Routes to Improve Dry Enrichment of Proteins

The parameters that influence milling and air classification of various legumes are the basis of possible routes to improve dry fractionation. Despite differences in starch granule size, protein body size, initial protein content and seed hardness, the relation between particle size and protein content was similar for all legumes (Fig. 6). This finding was in contradiction with expectations that differences in protein content of the fine fraction would be related to differences in break behaviour of the seeds, i.e. that fibres of lentil remained larger than fibres of bean. For all legumes, small particles were rich in protein. Therefore, air classification to smaller sizes in the fine fraction or sharper separation will increase the protein content, however, at the expense of the yield. Besides, milling of the fine fraction to obtain finer particles could increase the protein content, although decrease in dispersibility could impair separation. To facilitate air classification of small particles, redesign of the air classifier to decrease the amount of material build-up would be a solution.

Fig. 6
figure 6

Protein content as a function of particle size for air classified legumes. Lines are added to guide the eye ± absolute deviation (n = 2)

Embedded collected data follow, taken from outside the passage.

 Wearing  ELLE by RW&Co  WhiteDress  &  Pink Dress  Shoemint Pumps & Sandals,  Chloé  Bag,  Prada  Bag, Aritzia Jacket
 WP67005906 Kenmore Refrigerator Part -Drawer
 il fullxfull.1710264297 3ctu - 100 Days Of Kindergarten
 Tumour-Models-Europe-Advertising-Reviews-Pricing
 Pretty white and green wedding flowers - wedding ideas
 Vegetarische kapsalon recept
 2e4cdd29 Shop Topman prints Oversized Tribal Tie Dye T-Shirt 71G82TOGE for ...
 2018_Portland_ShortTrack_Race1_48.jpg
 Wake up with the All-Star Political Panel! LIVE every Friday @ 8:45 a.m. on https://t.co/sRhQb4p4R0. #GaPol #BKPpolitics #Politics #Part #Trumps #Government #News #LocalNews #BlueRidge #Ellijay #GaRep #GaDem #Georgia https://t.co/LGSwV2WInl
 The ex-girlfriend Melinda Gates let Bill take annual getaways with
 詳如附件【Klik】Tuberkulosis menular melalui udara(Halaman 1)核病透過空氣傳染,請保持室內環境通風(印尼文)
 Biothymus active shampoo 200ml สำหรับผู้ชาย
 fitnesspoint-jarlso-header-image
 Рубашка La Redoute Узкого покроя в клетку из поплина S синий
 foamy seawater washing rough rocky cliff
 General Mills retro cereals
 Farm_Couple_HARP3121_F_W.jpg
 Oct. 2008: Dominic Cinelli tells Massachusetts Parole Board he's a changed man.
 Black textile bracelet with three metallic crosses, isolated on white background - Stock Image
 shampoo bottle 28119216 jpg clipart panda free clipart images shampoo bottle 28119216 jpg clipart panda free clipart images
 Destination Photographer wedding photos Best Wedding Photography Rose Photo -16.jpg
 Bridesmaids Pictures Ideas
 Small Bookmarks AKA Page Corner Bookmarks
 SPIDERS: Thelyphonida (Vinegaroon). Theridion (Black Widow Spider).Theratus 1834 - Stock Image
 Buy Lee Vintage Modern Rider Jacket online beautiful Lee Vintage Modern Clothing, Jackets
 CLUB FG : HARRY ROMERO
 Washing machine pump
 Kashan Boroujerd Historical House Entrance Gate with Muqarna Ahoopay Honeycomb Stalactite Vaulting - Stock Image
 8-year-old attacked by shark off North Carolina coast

Other routes to improve dry fractionation may be found in plant breeding or pre-treatment techniques. Plant breeding could focus on selection of varieties with larger starch granules, or tougher fibres or varieties with a lower seed hardness. The latter could contribute to easier detachment between starch granules and protein bodies, which could increase the particle size of the flour thereby increasing dispersibility and enhancing protein enrichment. Pre-treatments could also be used to accomplish these changes in legume morphology.

Figure 6 furthermore shows that extrapolation of the protein content of the fine fraction leads to a maximum of 74 g protein/100 g dry matter, which is in agreement with the protein content of protein bodies that is between 70 and 88 g protein/100 g dry matter (Plant and Moore 1983; Weber and Neumann 1980).

Conclusions

Optimal detachment was reached between starch granules and protein- and fibre-rich particles from pea, bean, chickpea and lentil by selecting those milling settings that yield the largest overlap between the particle size distribution curve of starch granules and of flour. This method is thus a facile approach to find milling settings that provide optimal detachment for starch-rich legumes. However, seed properties like seed hardness, particle density, starch granule size, fat content and flour dispersibility influence the protein content of the fine fraction as well.

It is to be expected that the maximal overlap hypothesis can be applied on a wide range of starch-rich legumes. Application on grains should also yield detachment, but subsequent air classification will probably not give large enrichments due to the small size difference between starch granules and protein bodies.

Further research could focus on pre-treatments and selection of legume varieties that possess characteristics needed for dry separation.